The resignation of Mario Vazquez Rana of Mexico from four influential Olympic responsibilities – the IOC and thereby its Executive Board and also as president of ANOC and Chairman of the Solidarity commission – resolves one problem and simultaneously creates another. It marks the end of ANOC’s benevolent dictatorship, but leaves continental America – irrationally regarded under Olympic regulations as one unit, yet comprising three disparate sections of North, the Caribbean and the South –without a coherent leader.
At a time when Jacques Rogge, IOC President, is to retire next year, the IOC thus faces a period of immediate uncertainty with the departure of two foremost leaders. It has been conspicuous that in the controversy surrounding Vazquez Rana over the past four months, there has been no indication of leadership from the USA, the most powerful single national Olympic committee sensing its unpopularity within Olympic circles. USOC is seemingly unwilling to commit itself on the sporting political stage.
Make no mistake, Vazquez Rana has for a quarter of a century been a singularly powerful figure, yet that power ultimately insulated him from reality. As a prominent Caribbean official remarked, enmeshed in the additional controversy of Vazquez Rana clinging to his control of PASO: “Mario failed, approaching his 80th birthday, to recognize that under regulations it’s time to go when you have served your term. He was unwilling to relinquish office graciously.”
ANOC’s executive, which sought to dilute Vazquez Rana’s autocratic reign prior to his age-related expiry of IOC membership in December, has interpreted his resignation as “a blessing in disguise”. Yet without his monolithic authority – in particular dispensing Solidarity funds to the impecunious Caribbean – the three American factions are likely to fall into disarray.
With Vazquez Rana having schooled no obvious successor, in the opinion of former IOC member and international sailing president Paul Henderson of Canada, “The continent could be left in a void. Whether or not we liked Mario’s style, in a tough environment he held the continent together. With a difficult mind-set, he was magnificent.”

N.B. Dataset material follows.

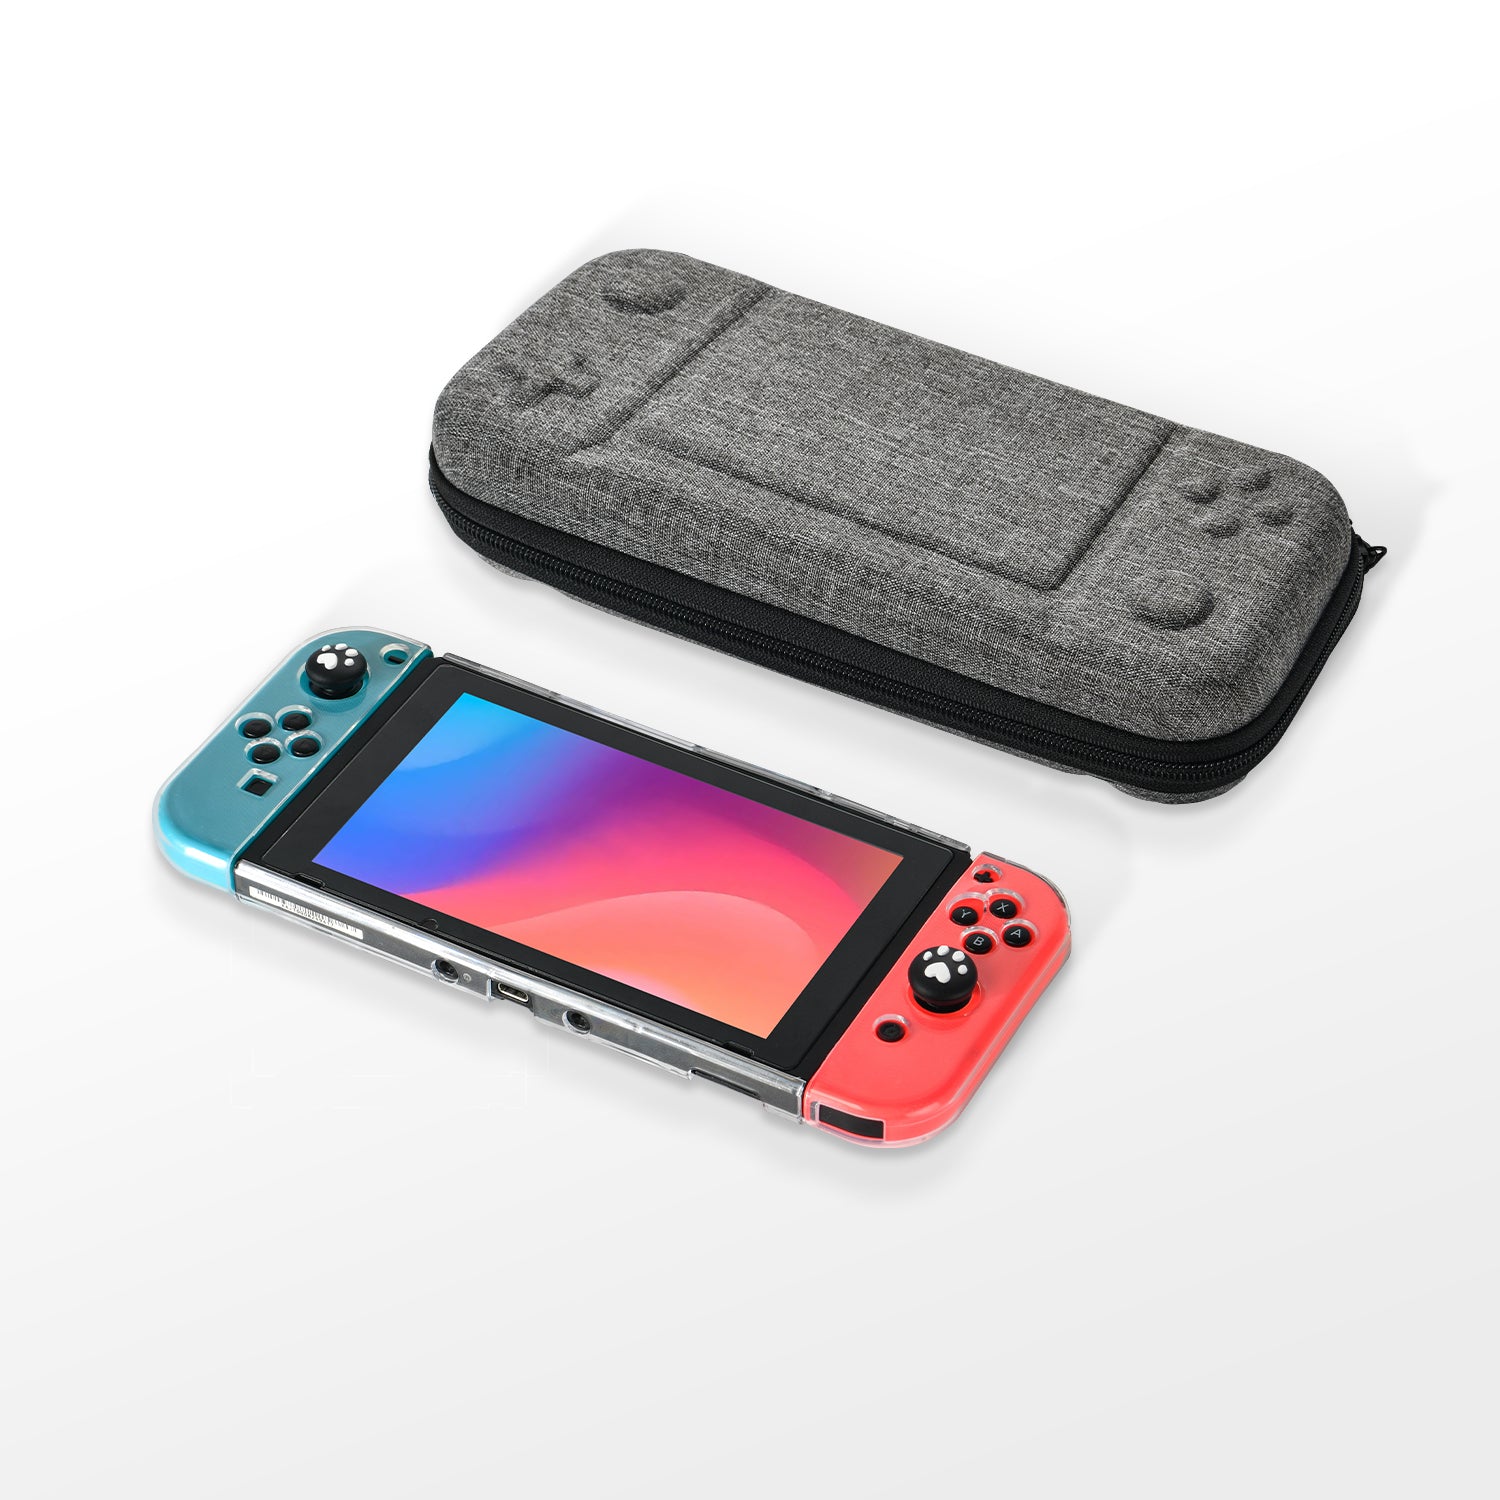 Younik Button Design Travel Case for Switch, Nintendo Switch Carrying Case

It had been apparent since last year that Vazquez Rana intended to breach the age regulation, attempting to extend his IOC membership on account of having been elected ANOC president until 2014. Like Juan Antonio Samaranch, he made the error of wishing to retain power for too long, notwithstanding the fact that ANOC’s four vice presidents – General Lassana Palenfo (African NOCs), Sheikh Ahmad (OCA), Patrick Hickey (EOC) and Doctor Robin Mitchell (Oceania) – had assured him of honorary life presidency.
Vazquez Rana’s press release with unfettered condemnation of Sheikh Ahmad, his likely successor as ANOC president in 2014 following interim leadership, and of Hickey – expected to be confirmed at May’s meeting in Moscow as replacement representative on IOC’s executive – was extreme, accusing them of “personal ambition, disloyalty, lack of ethics and shady objectives.” Yet without factual evidence, the statement itself bordered on being unethical.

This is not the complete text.